Me gustan las listas, aunque no haga listas. Creo que las listas nos acercan a la eternidad (en contra de ese aspecto que tienen siempre de cosas acabadas, de objetivo cumplido). A ella sí que le gustan las listas. A María Negroni también le gustan las listas. Y, desde luego, a Georges Perec, que daba saltitos en mi cabeza mientras leía este La idea natural (Perec da saltitos a menudo en mi cabeza). Pienso en el gabinete de curiosidades que reunió Rodolfo II, en aquella Praga mágica. Ahora está en el monasterio de Strahov (¿te acuerdas del monasterio de Strahov?). Rodolfo II era un excéntrico, pero no hacía listas. O eso creo. Entonces hizo ese gabinete, que también es una manera de hacer listas y darles una dimensión. María Negroni también tiene libros que son como listas y listas que son como esos cuartos de maravillas, llenos de textos chiquitos pero muy hermosos, pura orfebrería, y contienen muchas piedras preciosas y compartimentos secretos que se abren ante nuestros ojos de lectores deslumbrados. Así es La idea natural, en la que compartimos también ese gusto por la ciudad que nos lleva a ver la naturaleza como un objeto misterioso.

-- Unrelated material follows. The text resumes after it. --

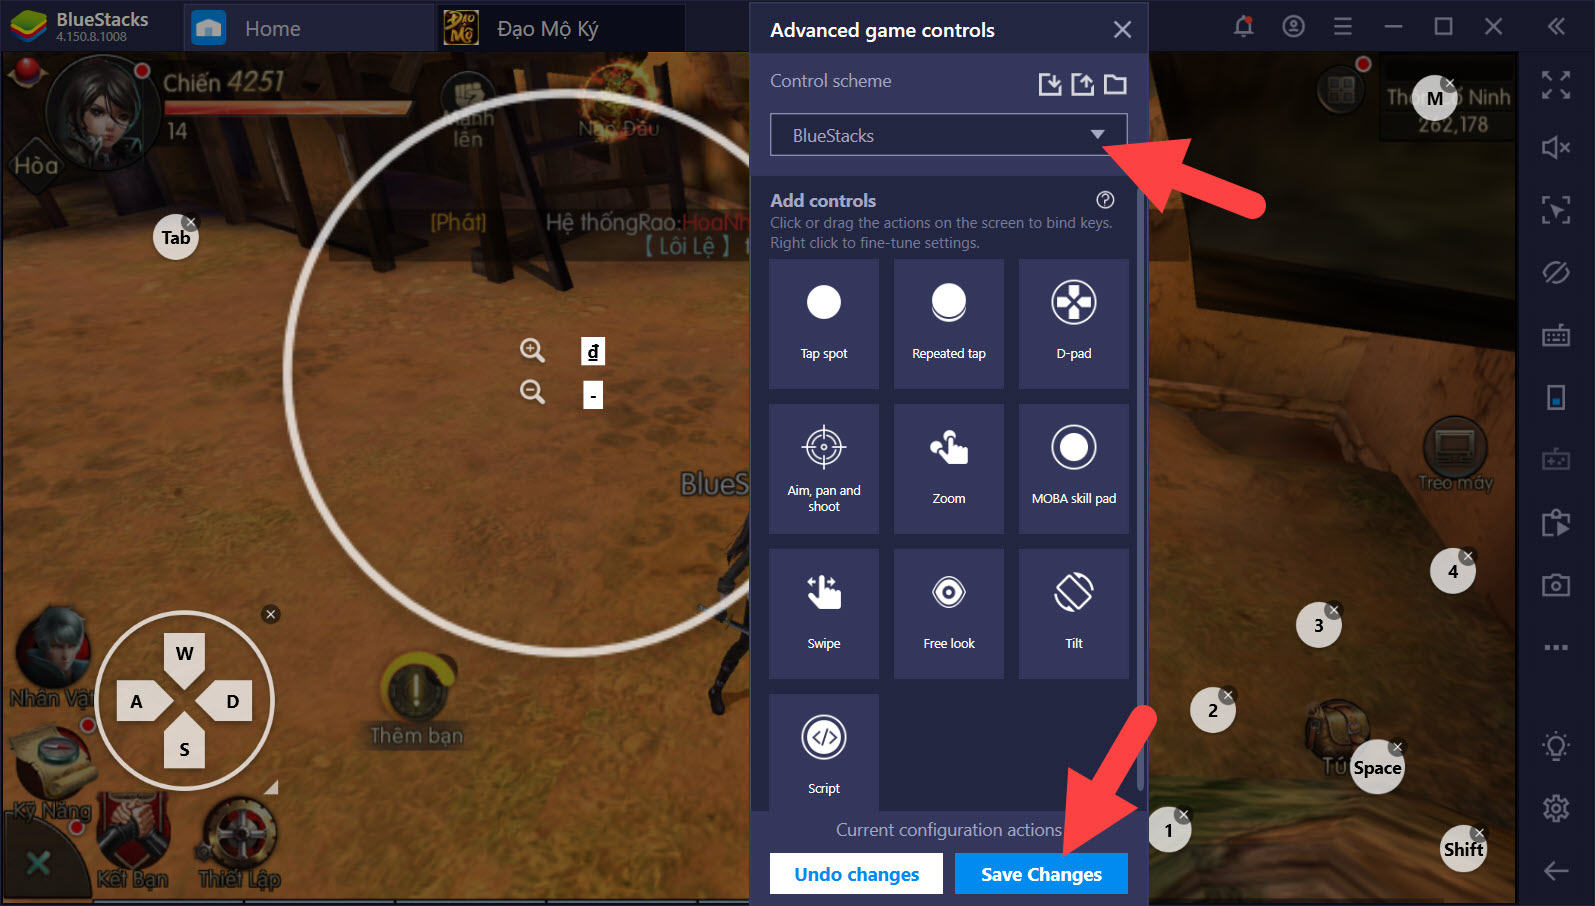 Tối ưu điều khiển với Game Controls khi chơi Đạo Mộ Ký với BlueStacks

Y eso que nací en una aldea que era como nacer en mitad del campo. Dabas dos pasos en cualquier dirección y te encontrabas con el campo. También una carretera perdida que iba de algún sitio a algún sitio pero que se perdía en la nada. En literatura, volviendo a Georges Perec, a veces, lo interesante es ese recorrido que va de un sitio a otro, y ver como todo se agita. En el libro de Negroni, lo que se agitan son las vidas de personajes, que de una forma u otra, se encontraron con la naturaleza. Desde los que la habitaban hasta los que la observaron, incluyendo los que solo pasaba por ahí. Es decir, un asunto de iluminaciones y destellos. De cambio de vida a pequeños roces. 

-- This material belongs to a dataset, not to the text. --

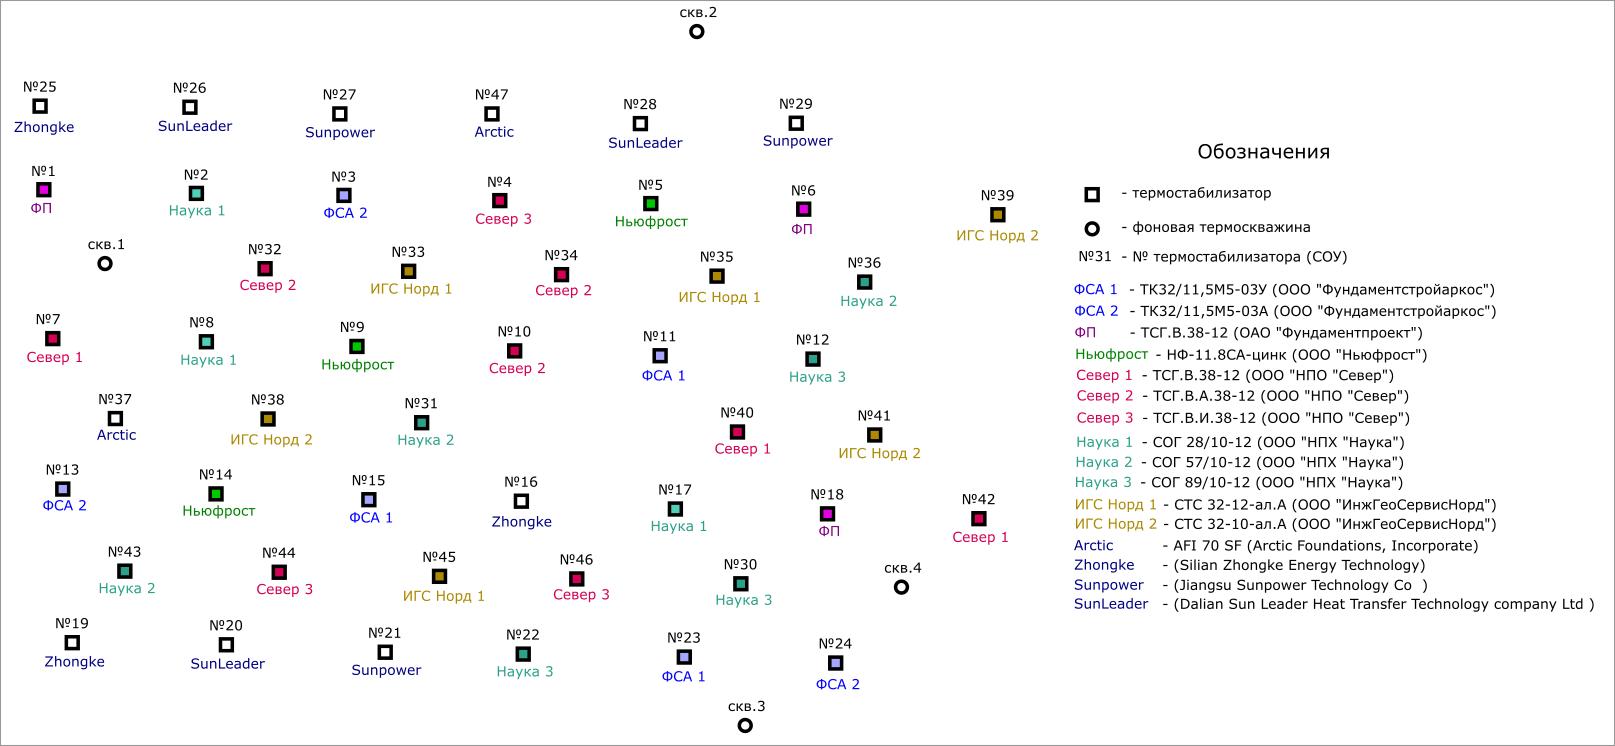 Схема расположения термостабилизаторов на полигоне СОУ

Como en cualquier campo del conocimiento de nuestro recorrido como seres humanos inquietos, podemos encontrar aquellos que cambiaron el curso del tiempo y esos otros que solo dejaron obras al polvo, en numerosos volúmenes. A veces, es difícil distinguir a los locos de los cuerdos, pero si no somos capaces de hacerlo aplicado a nuestros propios sentimientos, no vamos a pretender extraer conclusiones concluyentes de la vida y obra de los demás. Es seguro que debemos tanto a la locura como a la cordura, en ese estar aquí. Las redes sociales han hecho aflorar una intuición que teníamos de tiempo: que hay más imbéciles que personas sensatas. Pero no nos desviemos con malicias. No es lo mismo un loco que un imbécil. Ni mucho menos. Desde nuestra posición de observadores distantes (de algún modo, pasados los siglos, ya solo podemos ser, hagamos lo que hagamos, observadores distantes de la naturaleza), escribir sobre la naturaleza también es reunir objetos fantásticos para impresionar al otro. 

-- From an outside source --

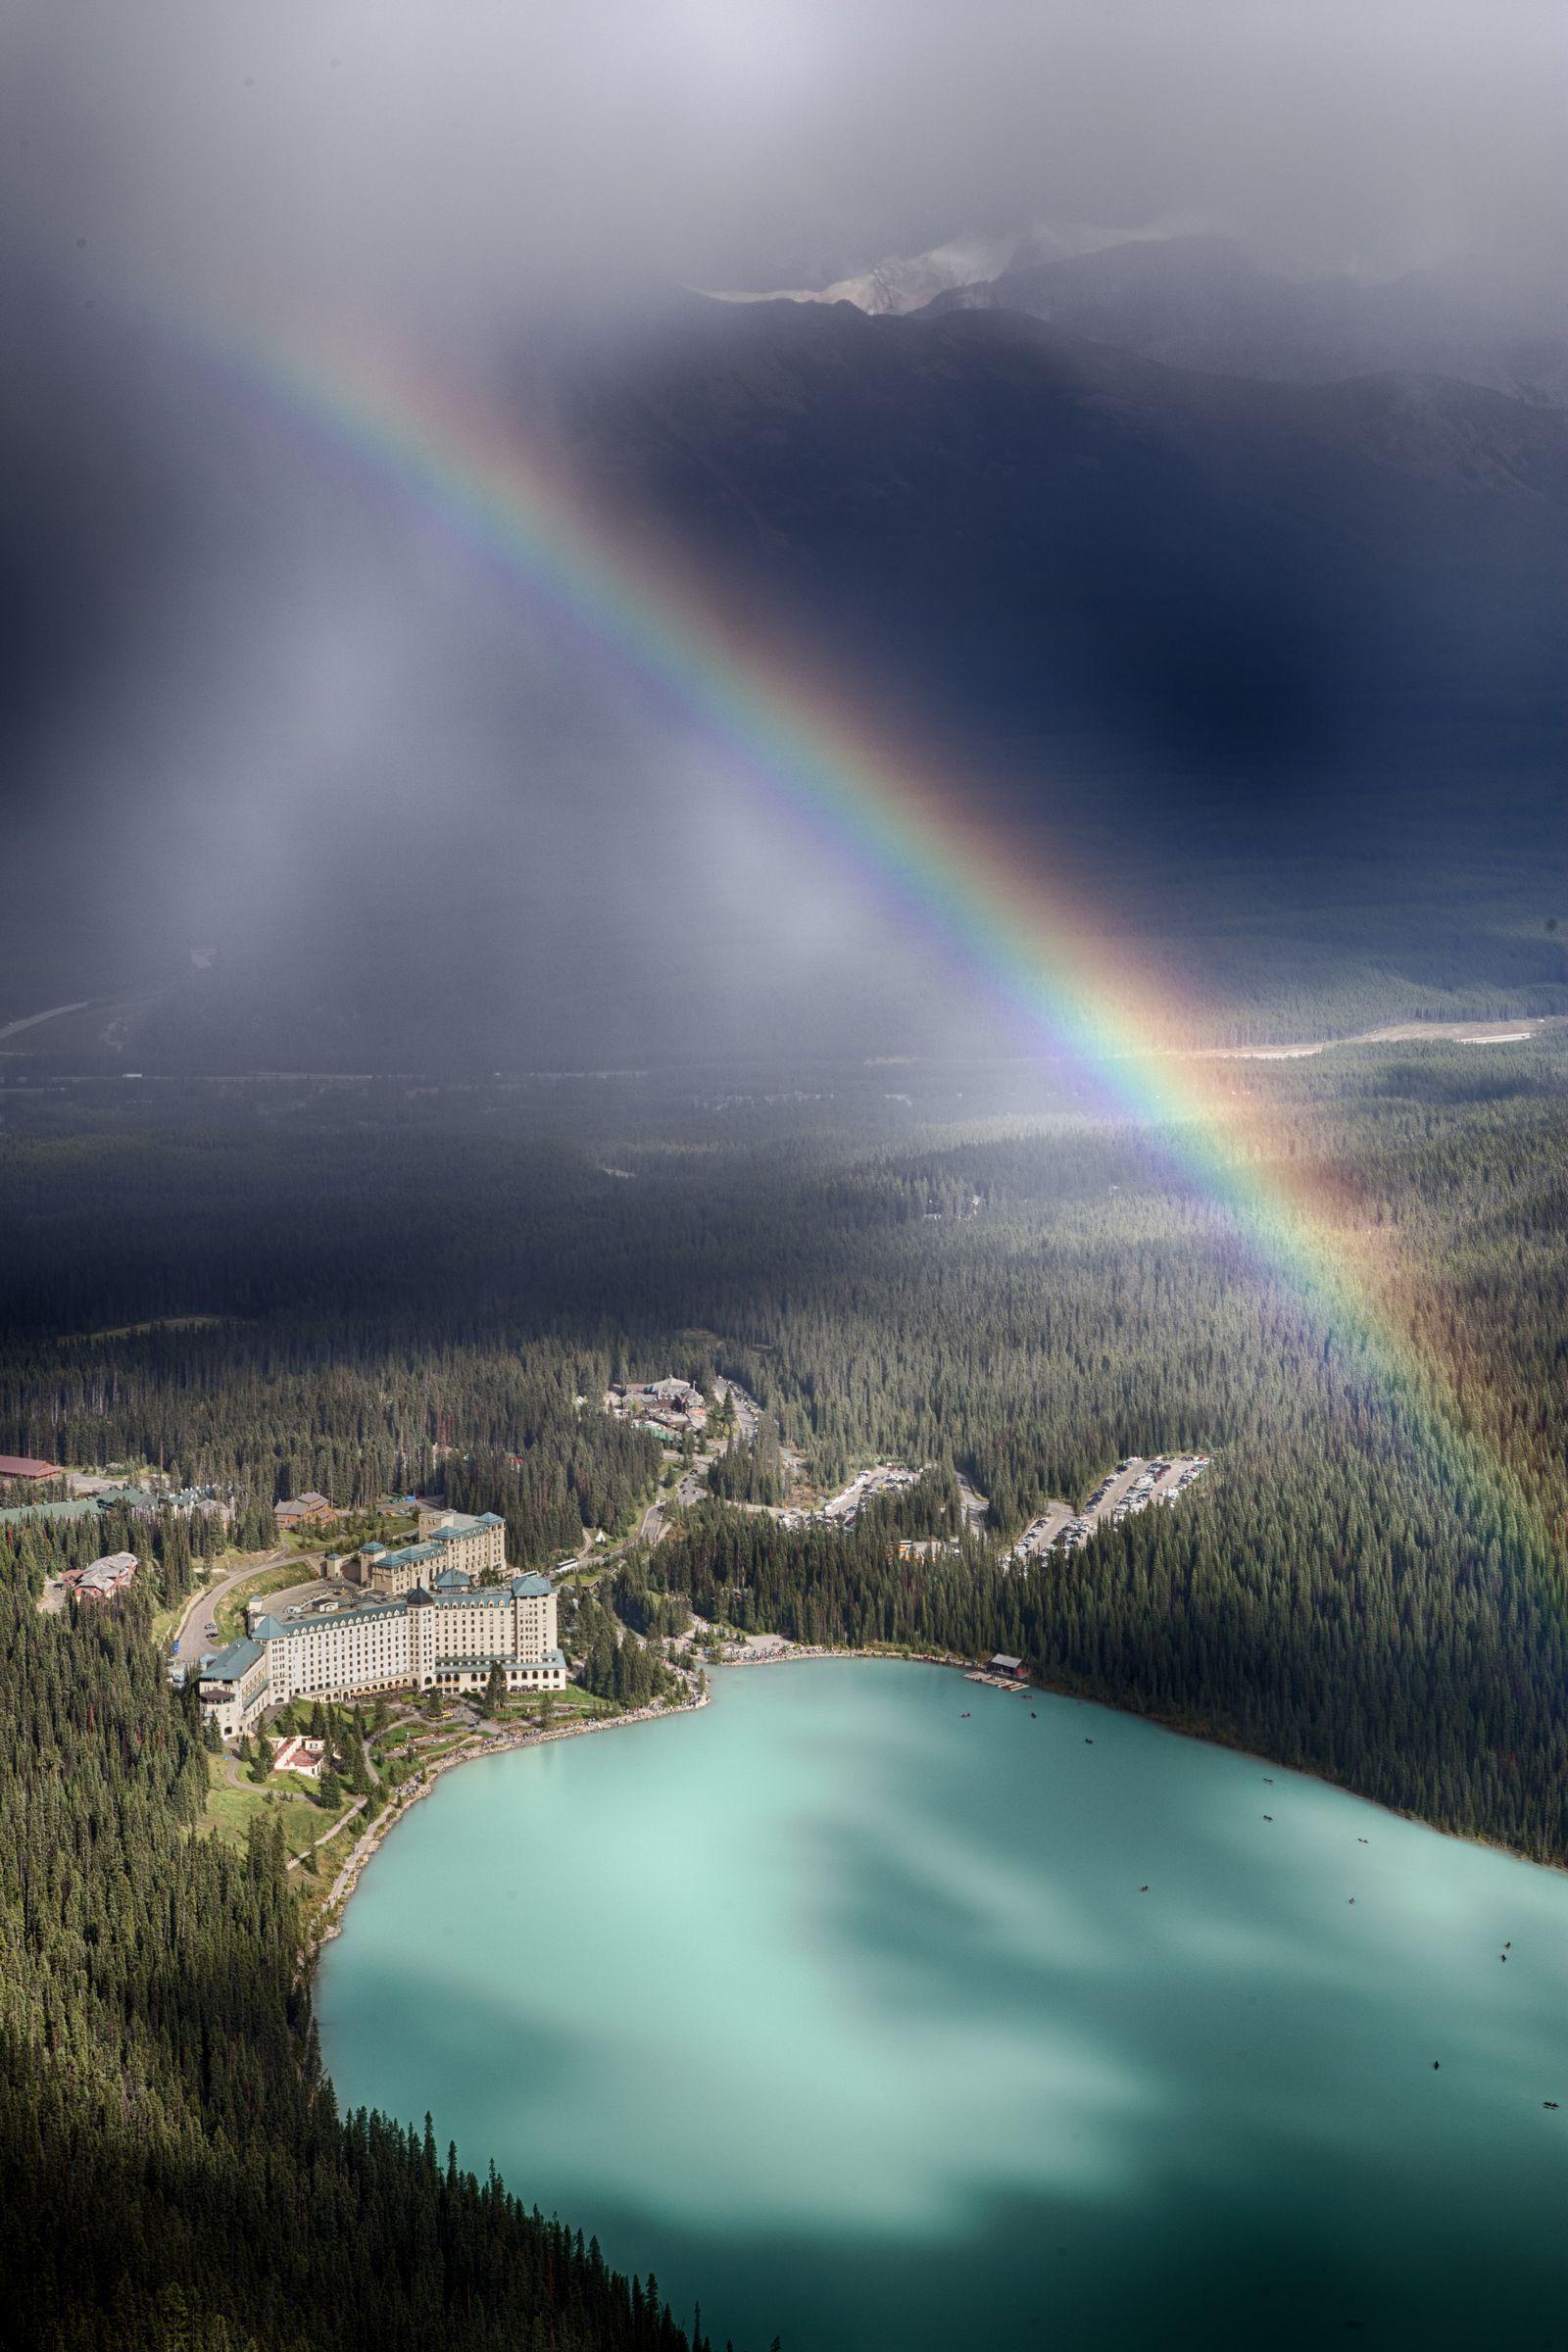 Y por si era poco, ahora un arco iris

María Negroni maneja una sutil ironía y una prosa de miniaturista. Como escribir en granitos de arroz. Qué complicado. No es nada fácil que en apenas unas líneas se contenga a todo un sujeto. Obvio que no está todo, pero lo importante no es esa certeza, sino esa impresión. Cuando leemos estas pequeñas biografías anecdóticas, vidas y obras, tenemos la sensación de ya saberlo todo, y si no todo, lo más importante, y si no lo más importante, lo que nos hace comprender. Por eso, los libros de María Negroni que son así, tan pequeñitos, son como muñecas rusas a la inversa. Cuando abres la pequeña, sale una más grande, y cuando abres esa más grande, sale otra que aún lo es más. Así hasta la inmensidad. Además, contienen algún elixir de la felicidad. En vez de ese veneno mortífero al pasar las páginas, alguna sustancia estimulante. Estimulante también de la inteligencia. Por eso María Negroni es, voluntaria o involuntariamente, seguidora de Georges Perec. Incluso le gusta jugar, y unas veces, el texto es una carta, otra autobiografía, otra entrevista y nunca sabemos muy bien qué hay de incierto en todo esto, aunque lo demos todo por seguro. Entonces, recuerdo a otra jugadora de palabras, Wisława Szymborska, para la que escribir sobre libros o autores era solo otra forma de escribir sobre el mundo, el mundo que le interesaba, la fugacidad de las cosas. Vale.